All participants were required to have capacity for providing informed consent and to speak English (given the validated scales employed). All participants gave informed consent electronically prior to engaging in any study-related activity. This study was approved by the VUMC Institutional Review Board and was conducted in accordance with the Declaration of Helsinki.

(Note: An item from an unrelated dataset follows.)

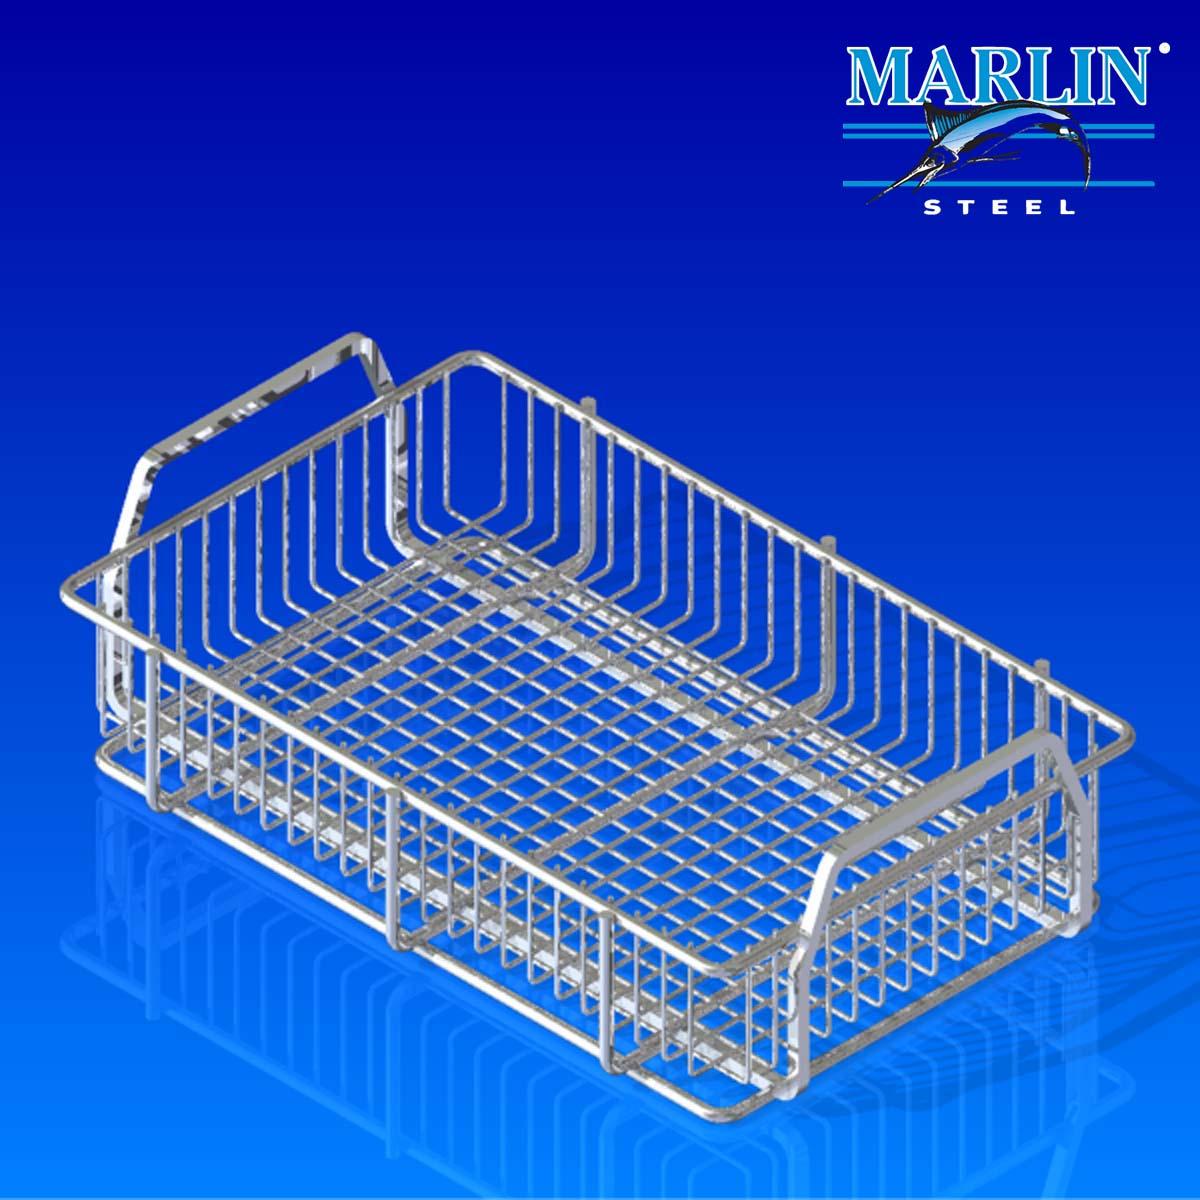 Marlin Steel Basket with Handles 286001

Table 1 summarizes the rating scales used in this study. The YGTSS was administered to all patients by a neurologist experienced with the scale (D.I.). Patients were then invited to complete a battery of self-report rating scales in Research Electronic Data Capture (REDCap), a secure online, HIPPA-compliant research database.23,24 Median time between YGTSS and completion of self-report scales was 8.5 days (range 0–100 days). Controls completed an identical battery, except they were not asked to complete TS-specific scales or the Sensory Perception Quotient (SPQ). All participants were asked to start and finish the battery of self-report scales in a single sitting.
Table 1 Clinical Rating Scales
The primary outcome of interest was the Sensory Gating Inventory (SGI), a self-report measure of “sensory gating-like subjective experiences” developed and validated in healthy controls.25 For this instrument, respondents rate 36 statements about sensory perception on a six-point Likert scale from “never true” to “always true.” Higher total score signifies more abnormal sensory gating experience. No established scale cutoffs delineate normal from abnormal sensory perception. The SGI is comprised of four domains, identified by confirmatory factor analysis: Perceptual Modulation, Distractibility, Over-Inclusion and Hyperawareness, and Fatigue and Stress Vulnerability.25 Domain scores were calculated for this study. As no accepted gold standard scale exists for quantifying sensory hypersensitivity, the SGI was selected as the primary outcome because it was rigorously developed (n > 1000 participants) and validated (n > 800 participants) in large sample populations, with systematic assessment for scale test–retest reliability, factor structure, convergent and discriminant validity, and sex differences.25 Notably, the scale showed good convergent validity with the Highly Sensitive Person Scale (r = 0.65, p < 0.001, n = 219),25 another measure of sensory sensitivity. Furthermore, the scale has previously been administered in a TS sample.10
Because no accepted gold standard measure of sensory hypersensitivity exists, a second sensory hypersensitivity scale, the SPQ, was also administered to patients in order to test convergent validity of the SGI in a population with chronic tic disorders. The SPQ is a self-report questionnaire validated in healthy adults and in adults with autism spectrum disorder.26 Respondents use a four-point Likert scale to rate level of agreement on 35 statements about basic sensory perception, with 29 items devoted to hypersensitivity and six devoted to hyposensitivity. The hyposensitivity items are reverse-scored. Lower total SPQ score indicates greater sensory hypersensitivity. As with the SGI, no established score thresholds distinguish normal from abnormal sensory perception. The SPQ has also undergone careful development and validation, with assessment for scale factor structure, convergent validity, and sex differences.26
Tic disorder patients were also administered the PUTS, a widely used 10-item self-report survey quantifying severity of premonitory urge.27 Item 10 asks patients to rate tic suppressibility and, in accord with prior studies, is not included in the total score given its lack of correlation with the remainder of the scale items and its intended measurement of a distinct construct (tic suppressibility as opposed to premonitory urge).27 Higher total PUTS score indicates more severe premonitory urge(s).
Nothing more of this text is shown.